- Your objective -
Extract each line of the records below that contains the word "model".

======== Dataset records

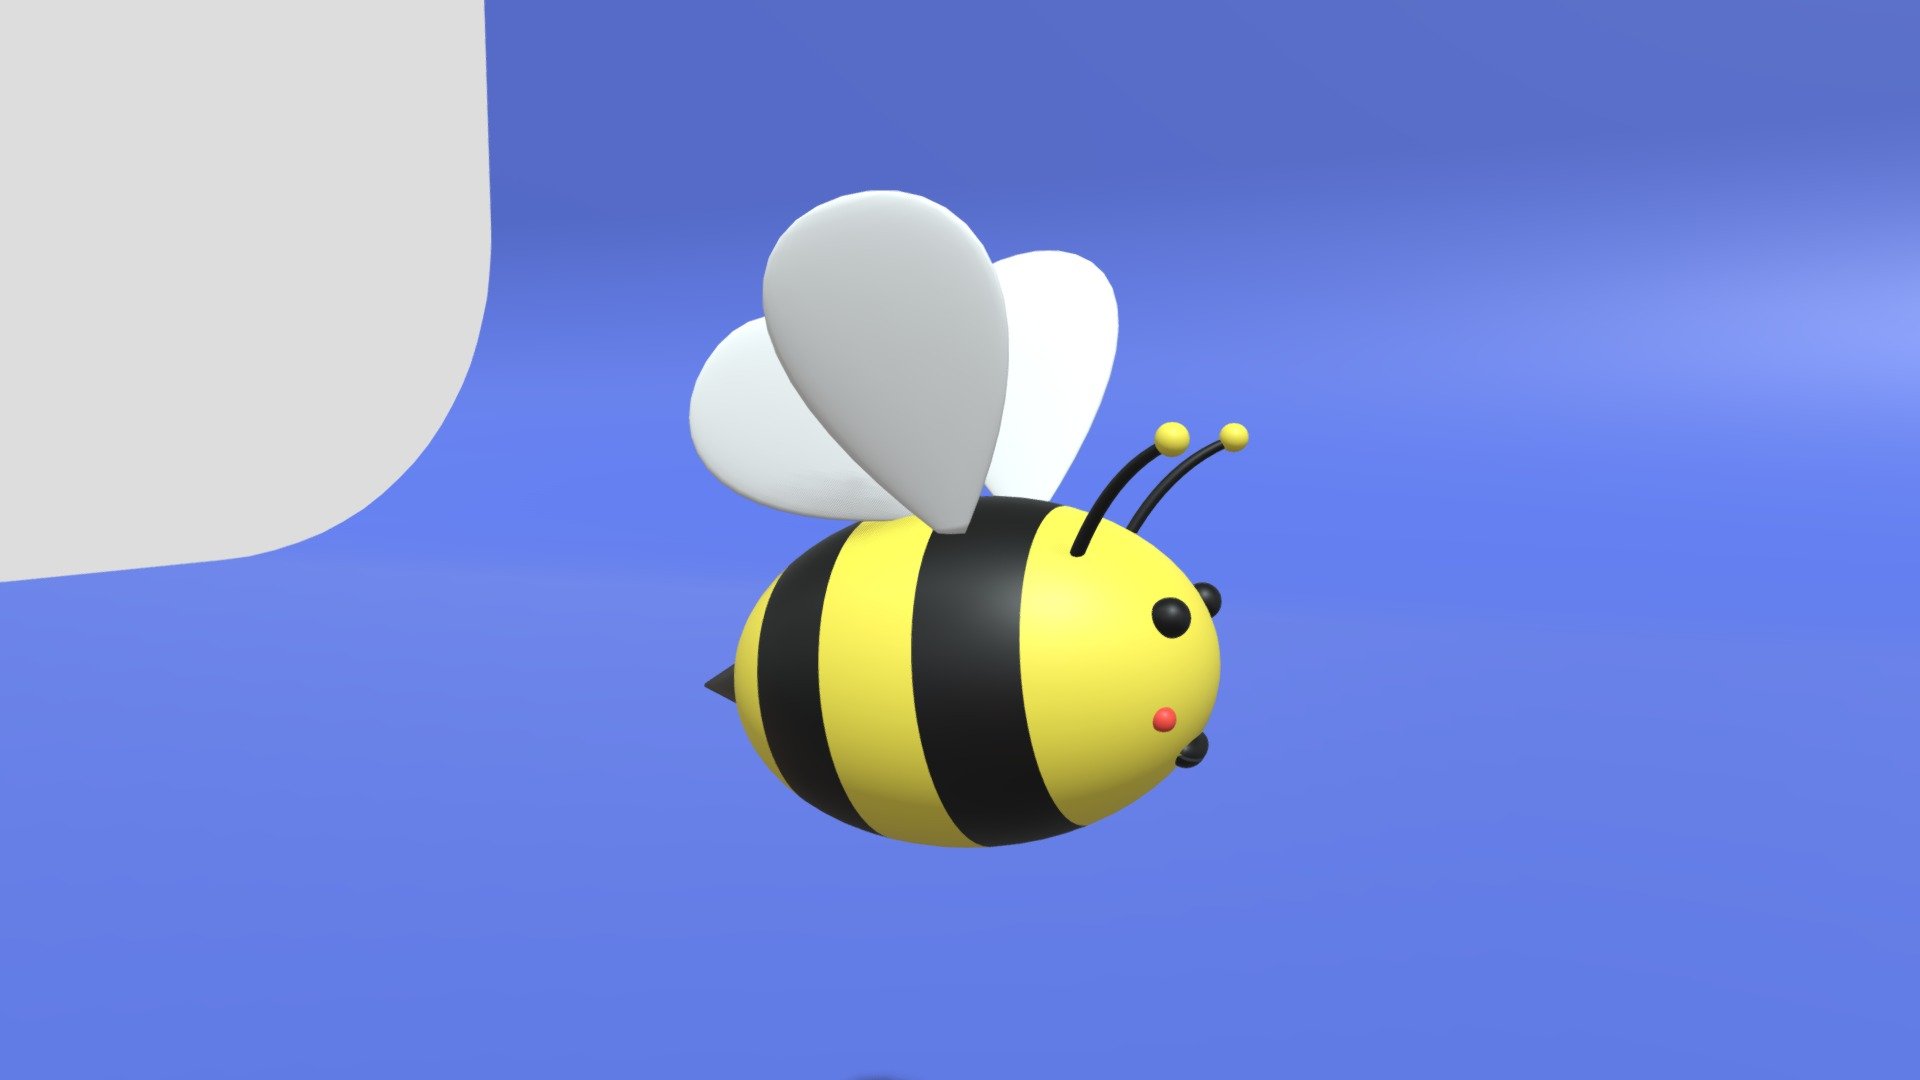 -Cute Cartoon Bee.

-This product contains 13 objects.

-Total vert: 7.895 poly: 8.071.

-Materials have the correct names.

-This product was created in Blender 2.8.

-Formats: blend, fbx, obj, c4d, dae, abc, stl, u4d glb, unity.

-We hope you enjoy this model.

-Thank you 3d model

================

- Problem solution -
-We hope you enjoy this model.
-Thank you 3d model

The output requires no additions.